Tuesday 14 October 2008

'The Executioners Song' by Norman Mailer




RRP: £12.99 Pages: 1050 True Crime/Biography Paperback


I did my best. I really did. I wanted to read this book, and found I just couldn't get past page 350. And that was fairly easy to do until page 300 when it just seemed to slow down so much it was like wading through sticky treacle sauce - just couldn't seem to go any faster, any easier.
To begin with, the book was easy and quick off of the mark. It gave the background of the main character - Gary Gilmore - who the book is about. And that was interesting and easy to read. However, after he got arrested, the book took a downward turn in that it went into too much detail. It was kind of like reading the encyclopedia cover-to-cover instead of just picking out the interesting bits. I always thought that books with lots of info would be good to read, but this once gave way too much. I personally felt it did not need to go into so much detail. For some readers, this might work, but not for me unfortunately.
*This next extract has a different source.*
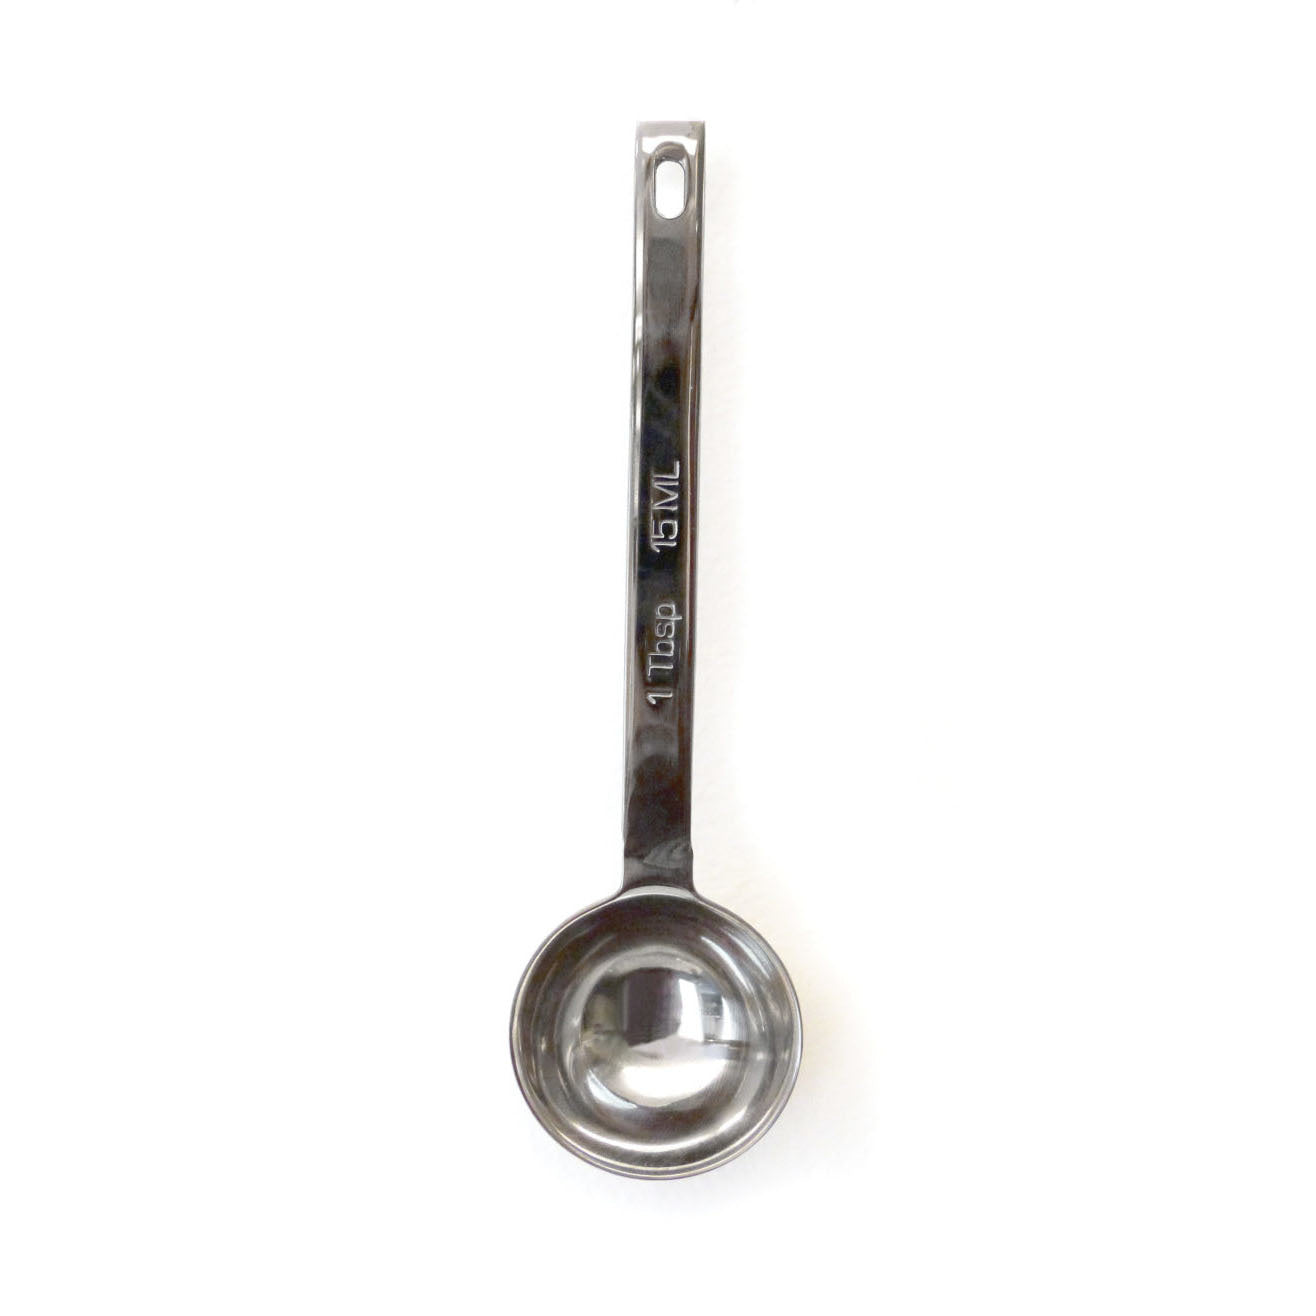 1 Tbsp Measuring Spoon
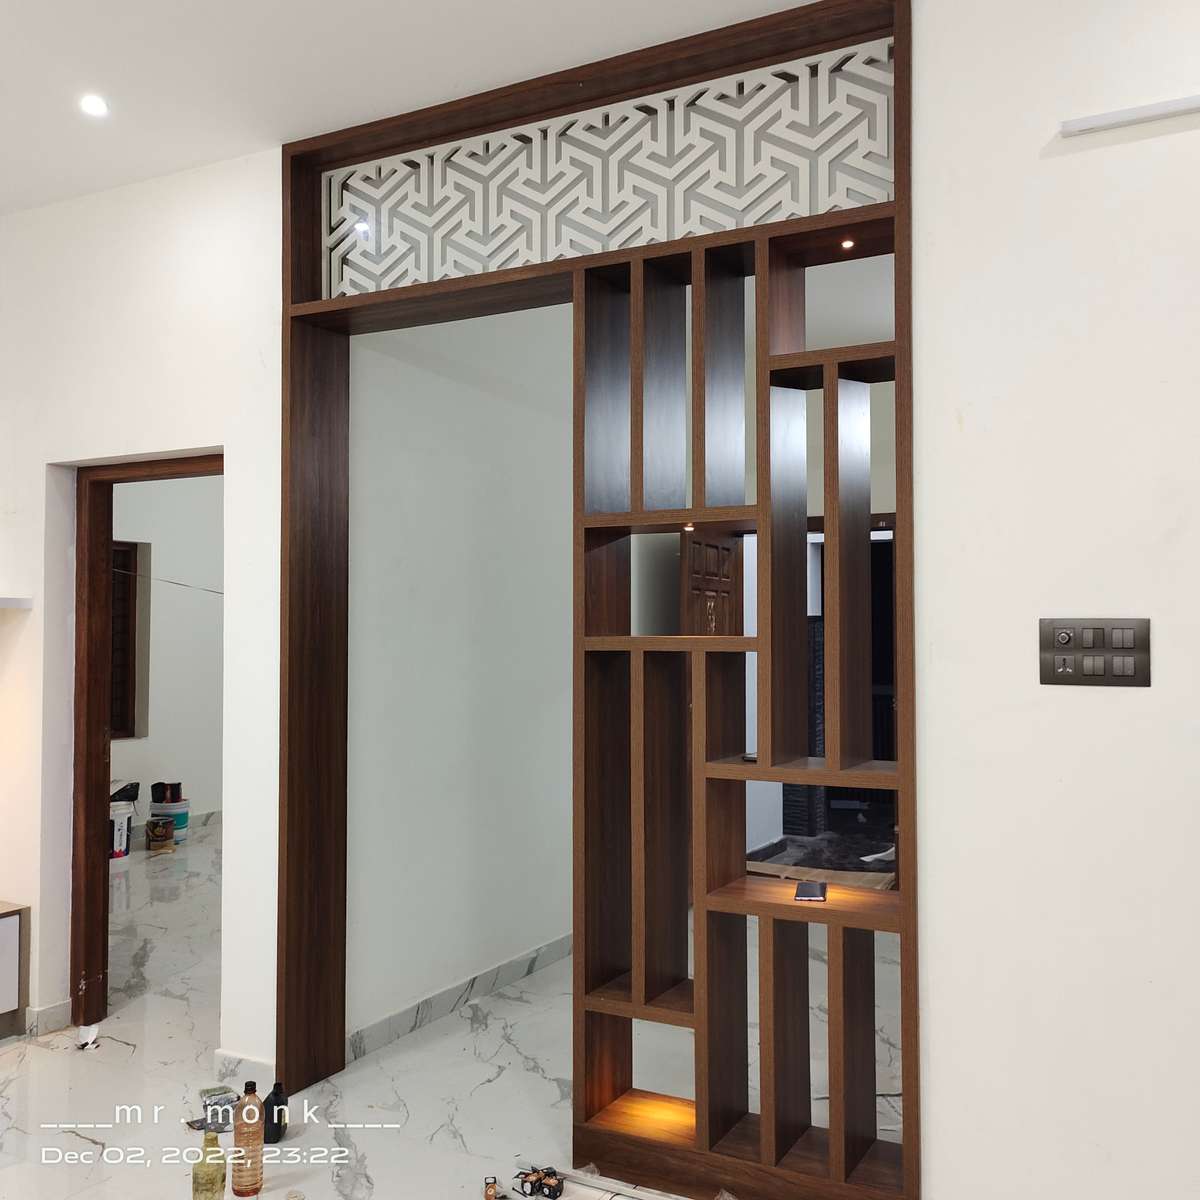 Designs by Interior Designer SREESNEHA INTERIORS, Kottayam | Kolo

In the summer of 1976 Gary Gilmore robbed two men. Then he shot them in cold blood. For those murders Gilmore was sent languish on Death Row - and could confidently expect his sentence to be commuted to life imprisonment. In America, no one had been executed for twn years.


But Gary Gilmore wanted to die, and his ensuing battle with the authorities for the right to do so made him into a world-wide celebrity - and ensured that his execution turned into the most gruesome media event of the decade.


Maybe I will try and read this book again in a few months. It is well-written, but just not to my taste at the moment as too hard to really concentrate well on. And this book needs the concentration and the focus on details!